I was a staunch speedway fan from the age of seven. I attended every home match at Harringay Stadium, the Racers were my team and I showed it by sporting metal and plastic badges on my jacket. On my jackets the lapels were always the first to go. My one hobby during those years was collecting speedway programme. The hardest to acquire were St Austell and Long Eaton, but I eventually had at least one programme from every British track. I also had every programme from every home meeting in which the Harringay Racers took place - also every test match at Harringay. The Racers line-up featured Split Waterman, Ron How, Jack Biggs, Arthur Attkinson, Jeff Lloyd (Capt), Ole Nygren, Jimmy Sqibb and Nobby Stock.

I remember Ole Nygren being introduced to the crowd at Harringay. He did 6 laps on his orange painted bike and the crowd immediately loved him. I also recall a young Alf Hagon featuring in the team as initially a junior, then as reserve for some matches - that was way before his successful venture into supplying (virtually everything) for speedway bikes. In those days (50's) riders wore black leathers, but I remember West-Ham making themselves more colourful by painting their leathers....Howdy Byford wore blue, Malcolm Craven gold etc.

I also went to Rye House twice when it was but a virtual training school. The only rider I can remember was Albie Golden. And it was damned dangerous at Rye House. On the straights you could stand right next to the track, so close you could touch the rider. The safety fence consisted of a framework of lengths of 4x4" wooden posts on which was attached sheets of corrugated iron!!!!!

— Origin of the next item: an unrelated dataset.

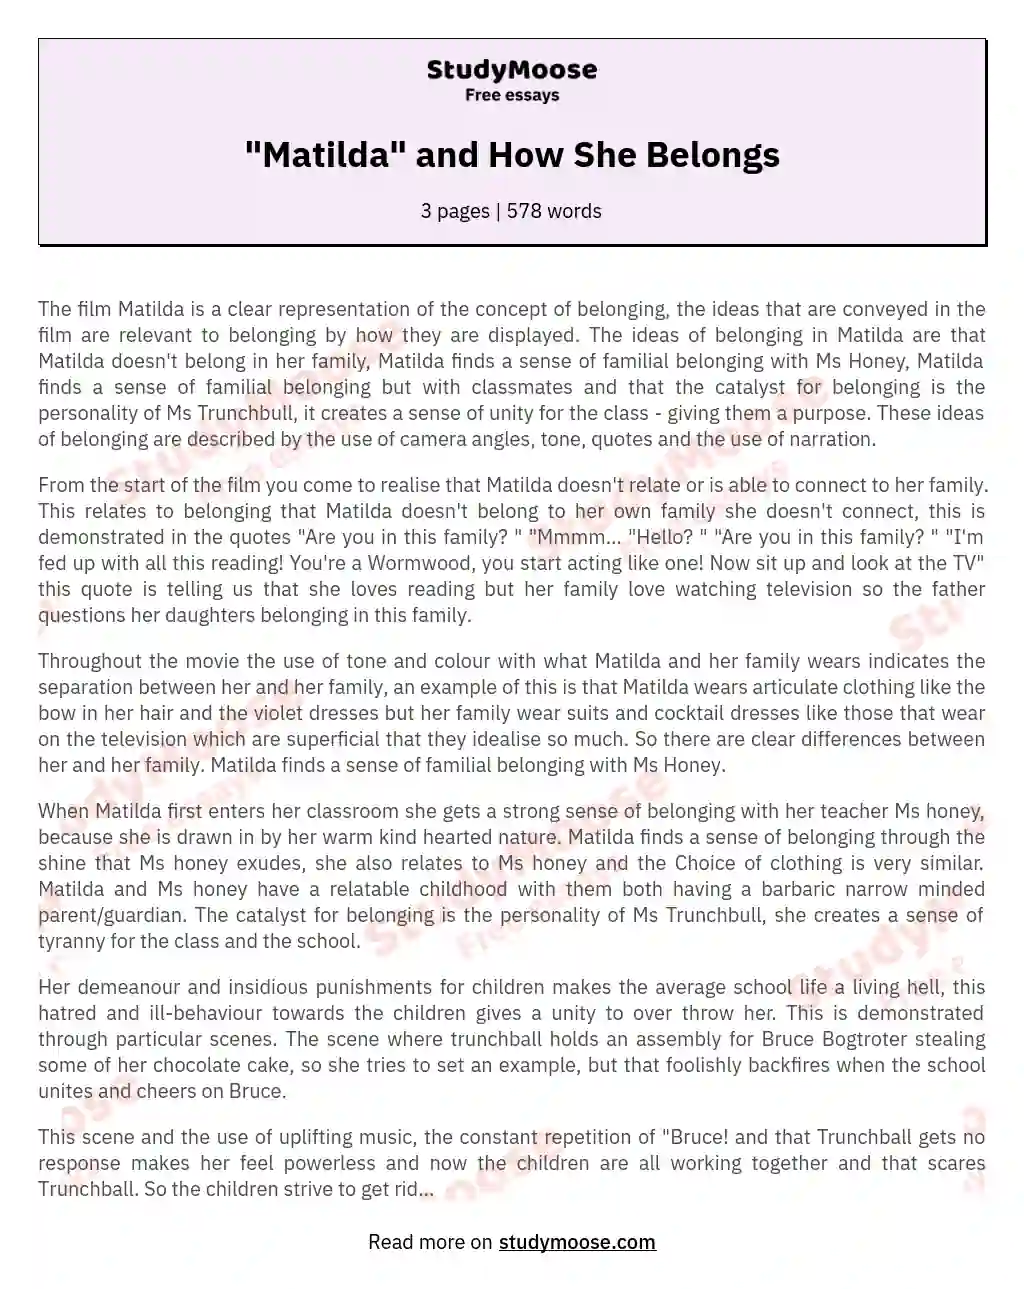 "Matilda" and How She Belongs

My line-up will test the memory of many speedway fans. I supported Harringay Racers from 1948 to the mid fifties. I believe I saw some of the greatest riders and my selection names many of the greats of that era and later years. I don't care what anyone says, you couldn't beat this team!


I was only 7 when I first saw Vic Duggan ride at Harringay. He captained the Harringay Racers until he retired and was a wonderful credit to the team. Vic Duggan was a legend in post-war speedway and won many championships, although the World Championship eluded him.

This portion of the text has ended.